We focused on 633 subjects who were all followed up at baseline, 6 months, 12 months, and 24 months. For each subject, we included his/her clinical, genetic, and imaging variables at the four time points. The clinical characteristics include gender (0 = male; 1 = female), age at baseline, and FAQ score. The FAQ score is an assessment of abilities to function independently in daily life and is widely used to monitor the decline of cognitive ability over time. The genetic variables include APOE gene because mutations in APOE raise the risk of progression from amnestic MCI to AD (Petersen et al., 2005). The APOE SNPs, rs429358 and rs7412 were separately genotyped in ADNI-1. These two SNPs together define a 3-allele haplotype, namely, the ε2, ε3, and ε4 variants. Among these variants, APOE-ε4 has been identified as a risk factor for early onset of AD (e.g., Okuizumi et al., 1994). Thus, we considered the presence of APOE-ε4 as a covariate in this analysis. APOE-ε4 is coded as 0, 1, and 2, denoting the number of APOE-ε4 alleles. Furthermore, the logarithm of the ratio of hippocampal volume over whole brain volume was included as a covariate because published reports (Kesslak, Nalcioglu and Cotman, 1991; Jack et al., 1992; Dickerson and Wolk, 2013) revealed that the atrophy of the hippocampal formation was a significant diagnostic marker of clinical dementia. Table 1 summarizes the basic characteristics of the aforementioned variables for the samples under consideration. Males account for about 56.2% in the samples.

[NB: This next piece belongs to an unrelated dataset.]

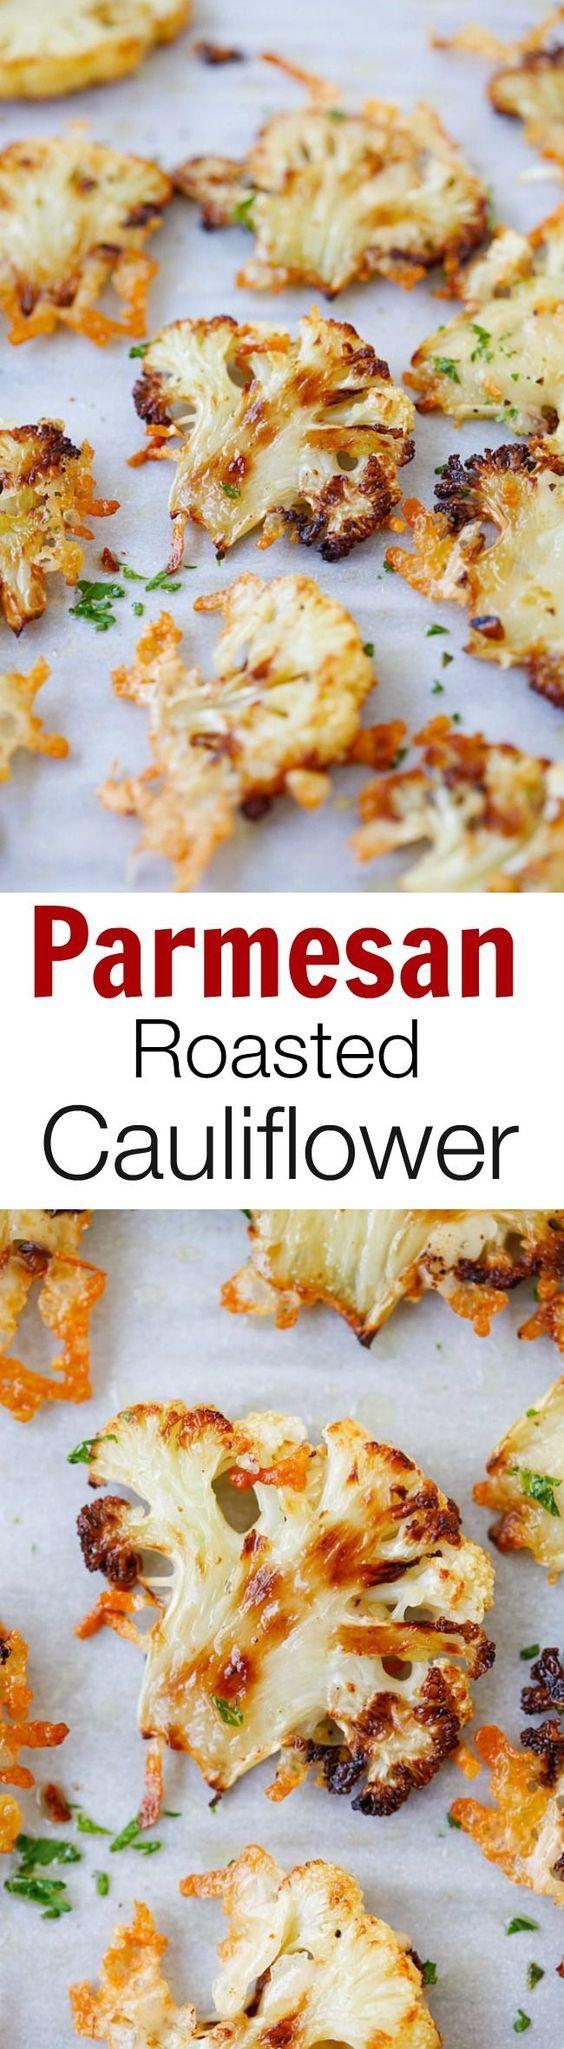 Parmesan roasted cauliflower - easiest and best roasted vegetable ever. Slice…

Mean values of patients’ age (in year), adjusted hippocampal volume, and corresponding FAQ score are 73.0, −5.0, and 4.1, respectively. 34.6% patients carry one APOE-ε4 allele while only 9.8% carry two APOE-ε4 alleles.

Table 1.

Characteristics of the study samples in the ADNI-1 dataset

Mean Age (in years)	73.0(6.9)
Gender (Male percentage)	56.2%
Mean log(hippocampus/whole brain volume)	−5.0(0.2)
Mean FAQ score	4.1(6.5)
One APOE-ε4 allele carriers	34.6%
Two APOE-ε4 alleles carriers	9.8%

Open in a new tab

The numbers in parentheses are standard deviations.

4.2 Data analysis

The aims of this ADNI data analysis are (I) to identify the hidden states of the neurodegenerative pathology on the basis of 633 patients enrolled in the ADNI-1, (II) to reveal a set of potential covariates that influence the between-states transition, and (III) to investigate the linear and/or functional covariate effects on cognitive decline across the hidden states of the AD progression.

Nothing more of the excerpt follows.